Trump may 'terminate' Russian Federation probe's Mueller says president's pal

Friend says Trump is considering 'terminating' Mueller

Report: President 'considering' firing Mueller - CBS46 News

United States President Donald Trump is reportedly considering sacking Robert Mueller - the special independent counsel appointed to investigate allegations of Russian meddling in last year's USA election - according to a friend and close confidant to the President.

Senior administration officials batted down the notion that Trump was considering firing Mueller after Christopher Ruddy, the CEO of Newsmax Media and a friend of the president's, alleged that he was during an appearance on "PBS Newshour" Monday.

Robert Mueller's investigation is looking into possible collusion between the Trump campaign and the Kremlin, and is also looking into financial crimes among Trump associates, the Post wrote, citing five unnamed intelligence officials.

Mueller was appointed to the position by Deputy Attorney General Ron Rosenstein on May 17, less than one week after Trump abruptly and without warning fired FBI Director James Comey - and subsequently admitted in a televised interview that he had "this Russian Federation thing" in mind when he chose to fire the widely respected FBI head.

Mr Ruddy said he spoke to the President on Friday.

A senior White House official confirmed that the president interviewed Mueller for the FBI post in the Oval Office the day before he was tapped by the deputy attorney general to serve as the special counsel in the Russian Federation investigation. If Trump were to make such a move, he would have to order Rosenstein to fire Mueller.

The obstruction of justice investigation into Trump began days after Comey was sacked on May 9, according to people familiar with the matter, the Washington Post said. She asked whether he has seen "any evidence of good cause" to fire Mueller.

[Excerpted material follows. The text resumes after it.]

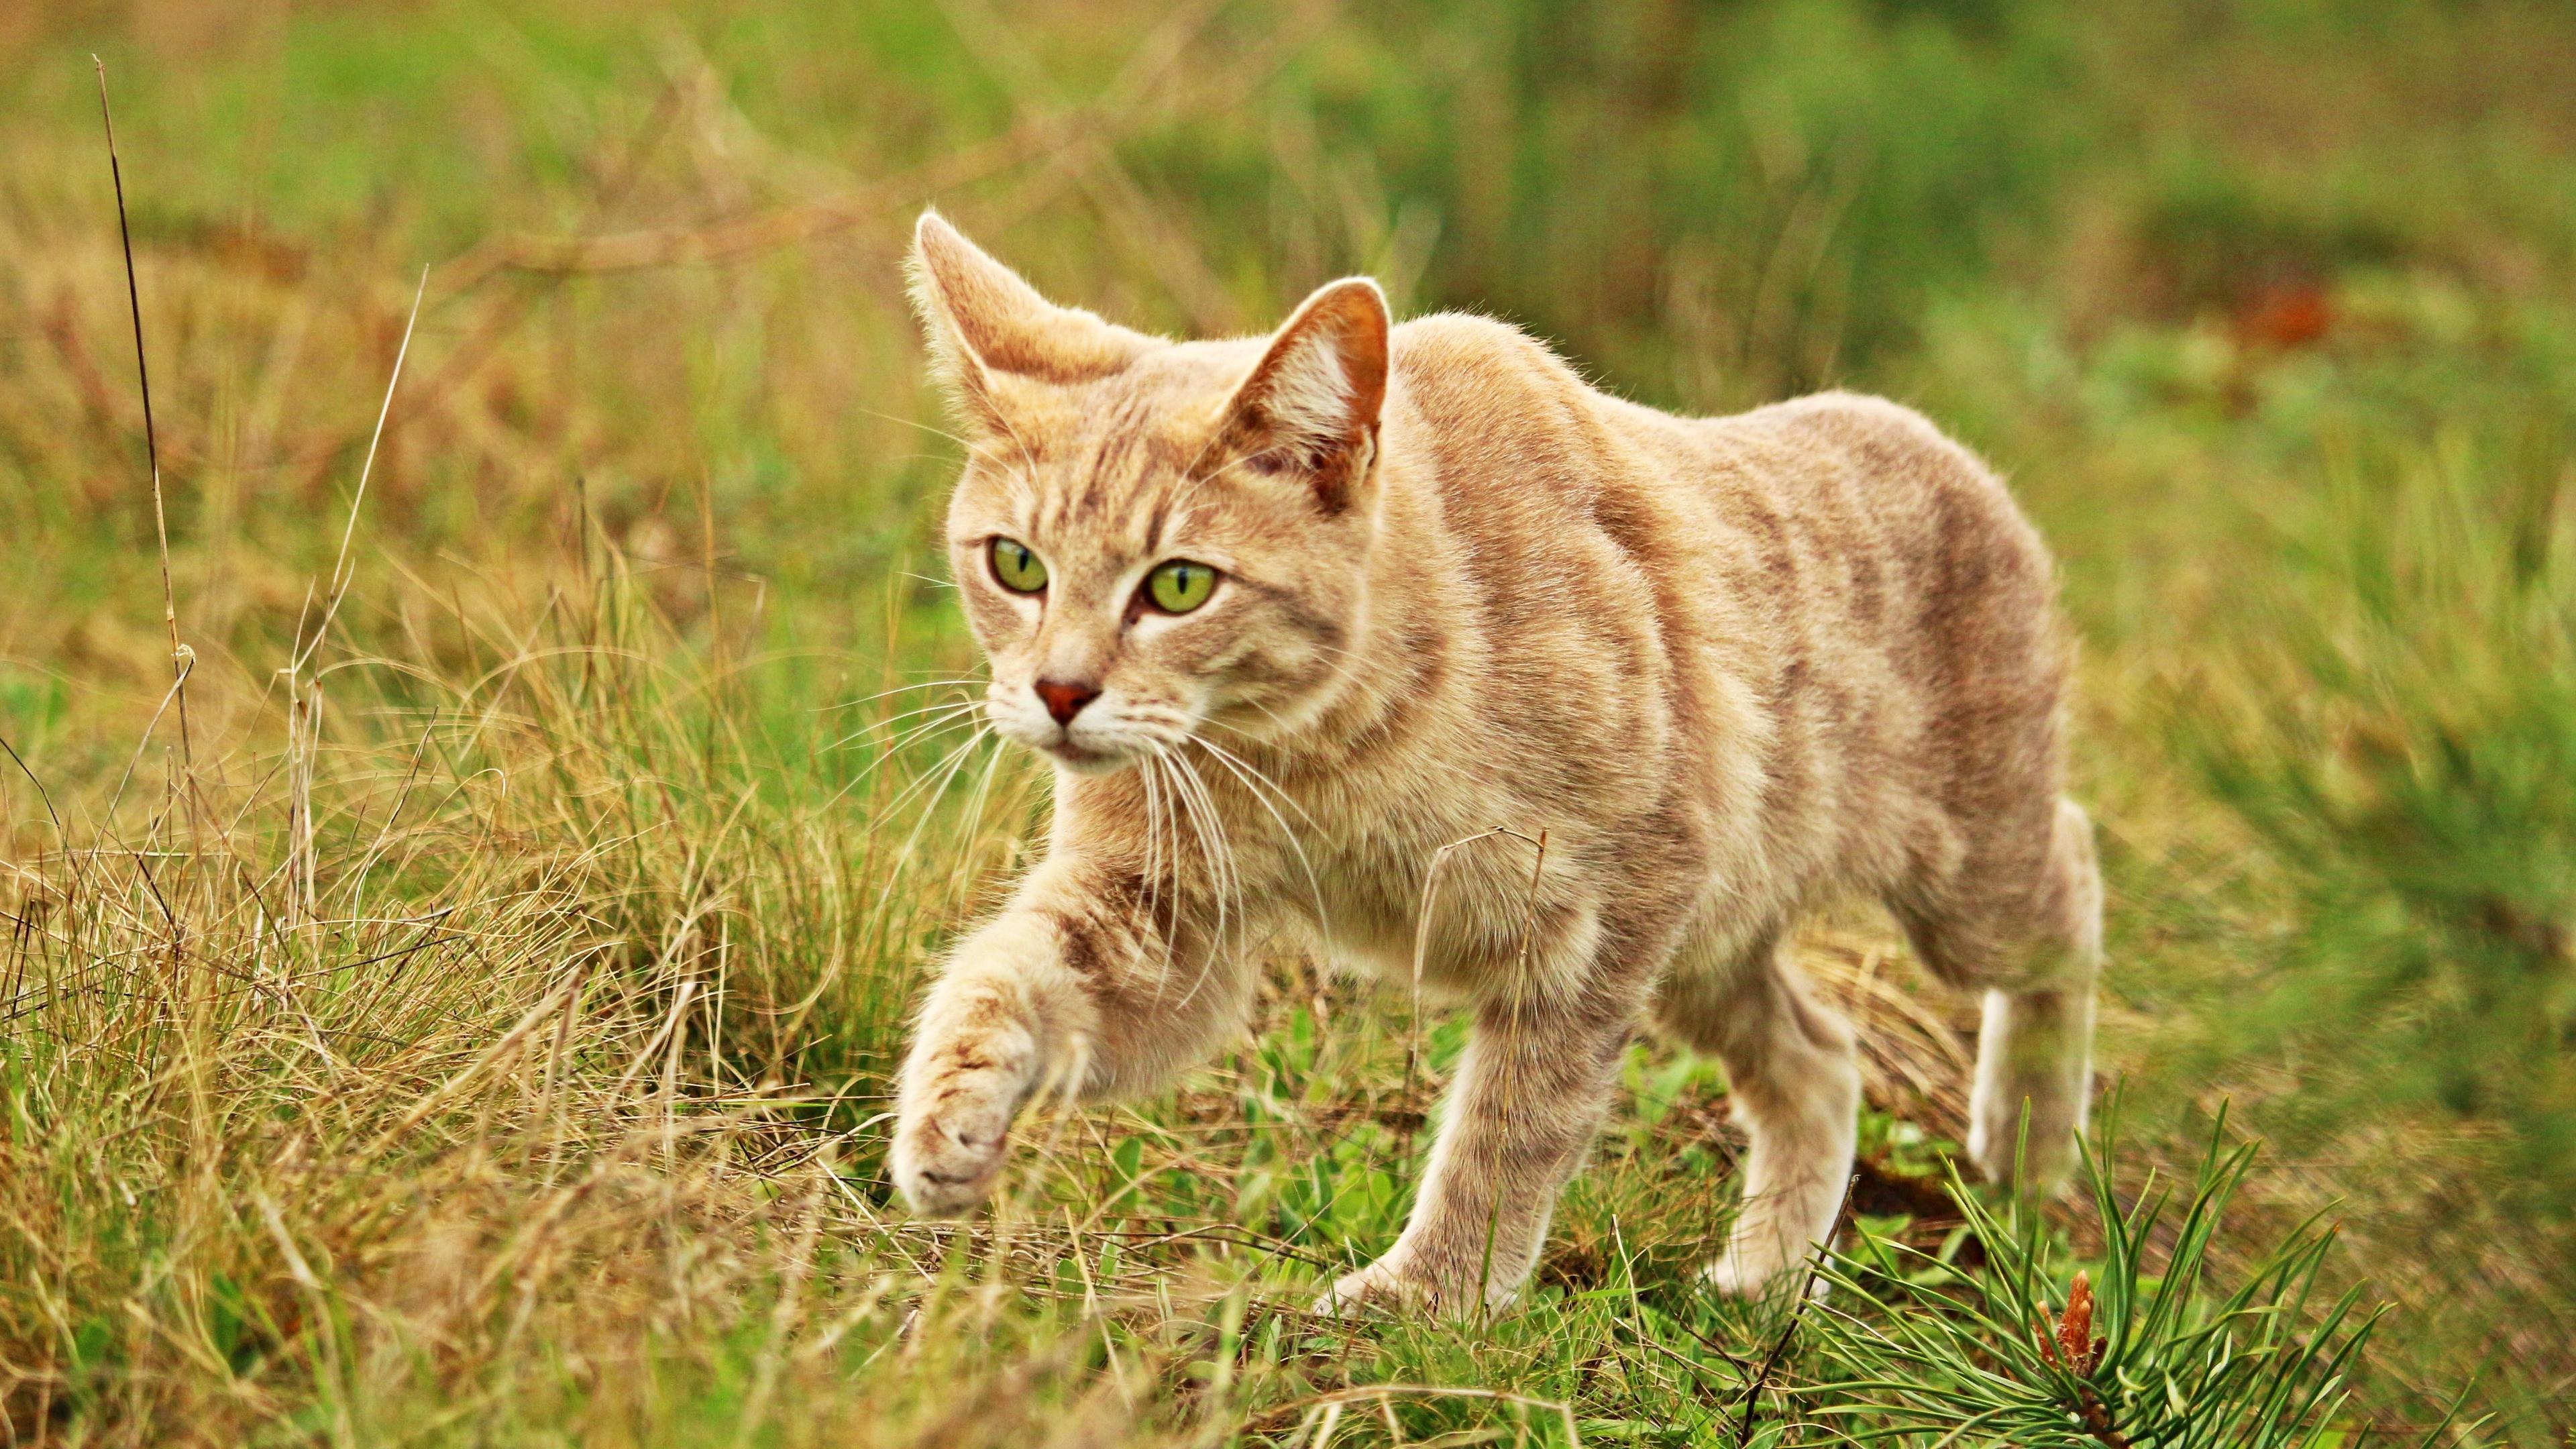 cat grass walk 4k 1542241969 - cat, grass, walk 4k - walk, Grass, Cat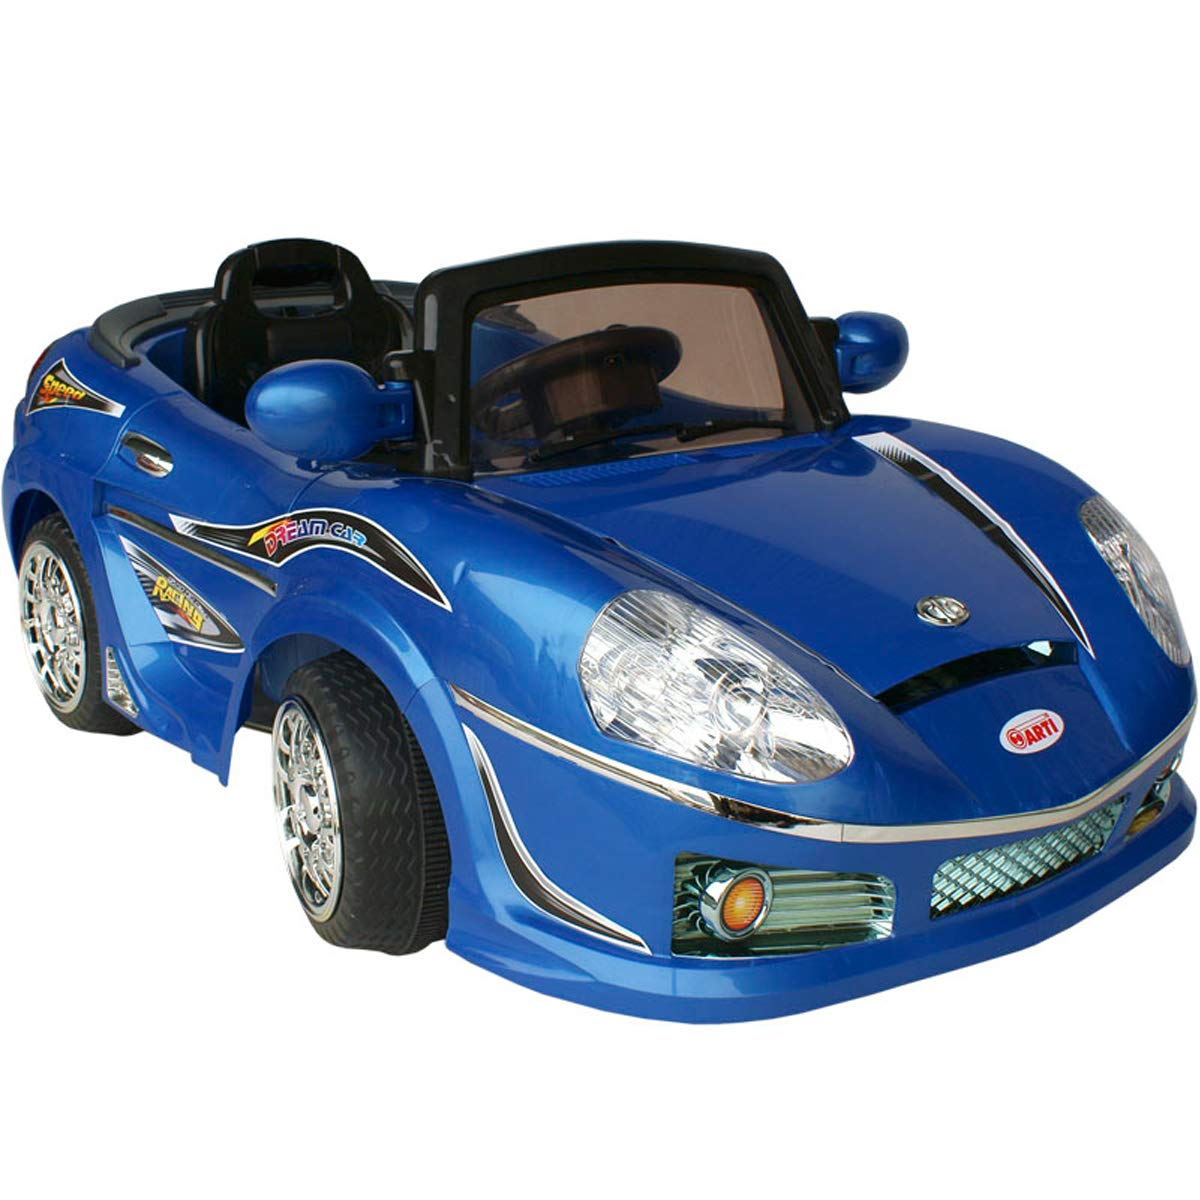 Scalesport 698R Roadster Elektrofahrzeug Sportwagen Spielzeugauto Elektrisches Kinderfahrzeug Kinder Spielzeug (Blau (698R/Blau))

Sarah Huckabee Sanders, a White House spokesman, said Monday that "Chris speaks for himself", and declined to comment further. Any such step would face a steep hurdle as it would require approval by the U.S. House of Representatives, which is controlled by Trump's fellow Republicans. "I think he is weighing that option".

"In this case, we have what could serve as a trial balloon", he said on "Anderson Cooper 360", suggesting that it might be a way to test public reaction.

Just weeks ago, Mr Gingrich heaped praise on Mr Mueller, hailing him as a "superb choice" for special counsel whose reputation was "impeccable for honesty and integrity". "Look who is hiring".

"We're not going to let the President choose who conducts this investigation", he said.

Rep. Adam Schiff, of California, the top Democrat on the Intelligence Committee, warned Trump that dismissing Mueller would ultimately be futile, saying "Don't waste your time".